How to echo (print) the value of a variable in Bash?

Question

I am trying to write a little script, and I can not figure out how to choose the variable to be echo'ed (echo $'TEST'_"$response") dynamically depending on the user's input:

#!/usr/bin/env sh

response=response
TEST_1="Hi from 1!"
TEST_2="Hi from 2!"

while [ $response ]; do
  read -p "Enter a choice between 1 - 2, or 'bye': " response
  if [ $response = 'bye' ]; then
  echo "See You !"; exit
  elif [ $response -ge 1 ] && [ $response -le 2 ]; then
       echo $'TEST'_"$response"
  else
    echo "Input is not a valid value."
  fi
done

The desired output would be the value of one of the variables declared at the beginning of my script ("Hi from 1!" or "Hi from 2!"). Instead my script simple outputs the name of the variable as a string "TEST_1" or "TEST_2". I do not simply want to hardcode the variable that will be printed like:

if [ $response -ge 1 ]; then
  echo $TEST_1
fi

since it is not scalable. Using backticks like

echo `$'TEST'_"$response"`

doesn't help either since bash will expect to run the result "TEST_1" or "TEST_2" as a command.

Any hint will be greatly appreciated.

Answer 1

Always use quotes, such as "$string", for anything other than numbers.

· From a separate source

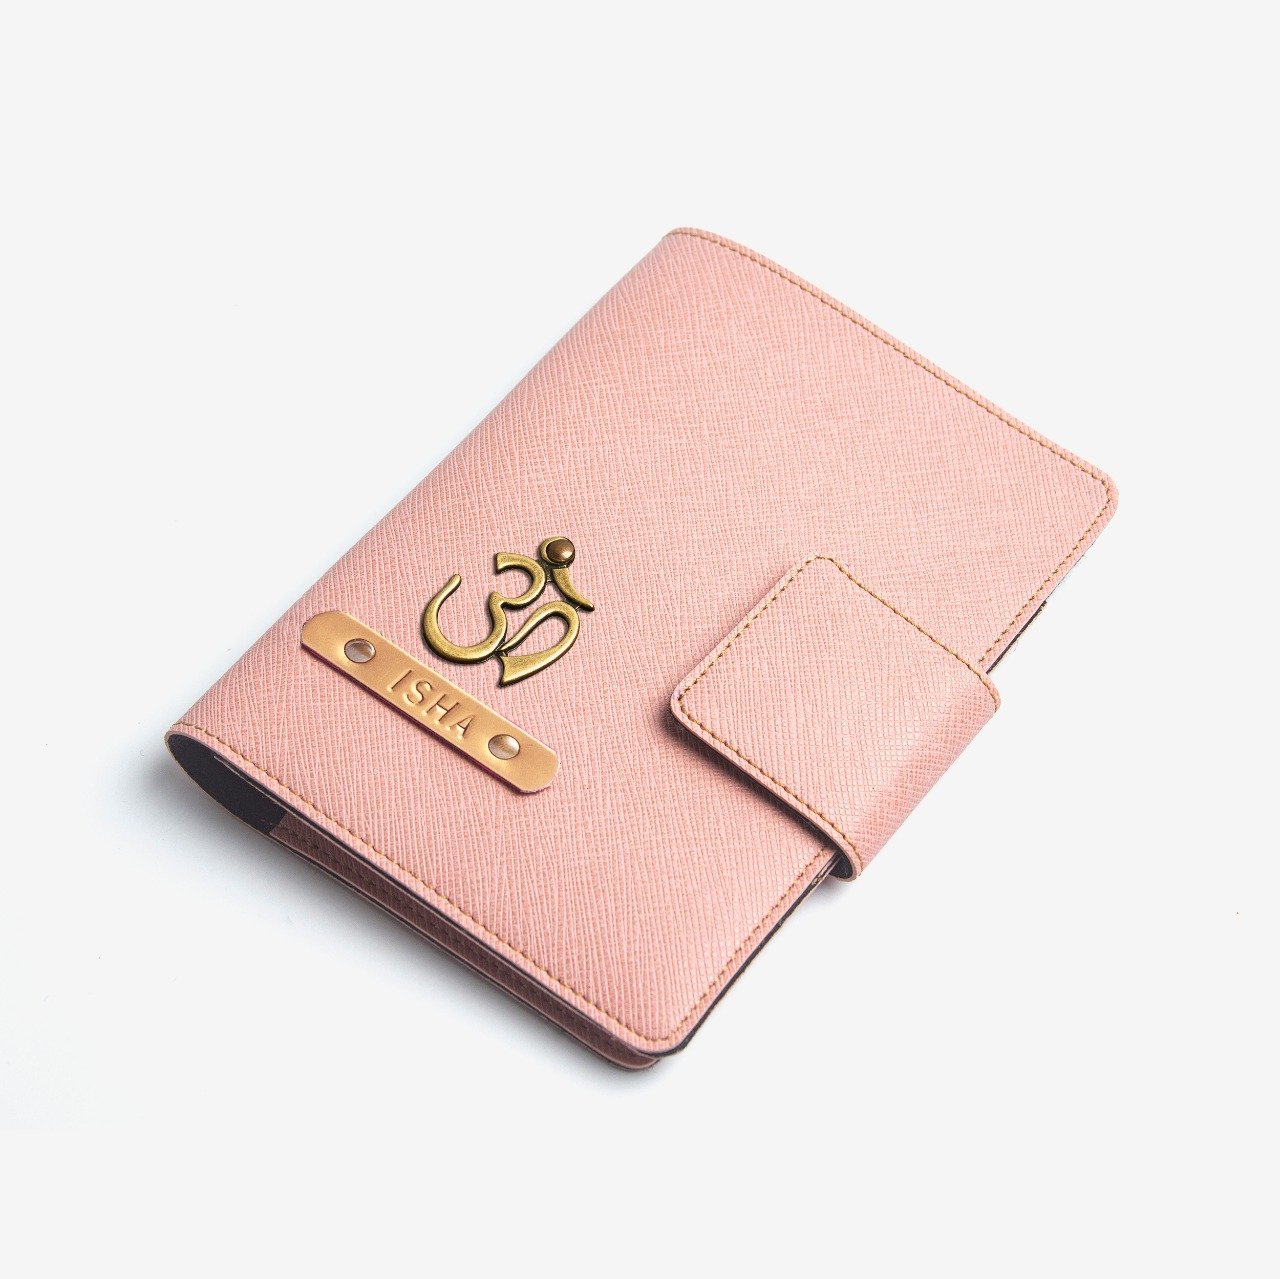 Rfid Protection Personalized Passport Cover with Name Designer Customized Passport  Holder Travel Accessories Passport Case

For numbers, just keep it normal (i.e. $number).

Answer 2

You need indirect expansion, to be used with ${!var}:

$ TEST1="hello"
$ TEST2="bye"
$ v=1
$ var="TEST$v"   #prepare the variable name of variable
$ echo ${!var}   #interpret it
hello
$ v=2
$ var="TEST$v"   #the same with v=2
$ echo ${!var}
bye

That is, you need to use a variable name of a variable and this is done with the indirect expansion: you use a variable with the name of the variable and then you evaluate it with the ${!var} syntax.

In your case, use:

myvar="TEST$response"
echo "${!myvar}"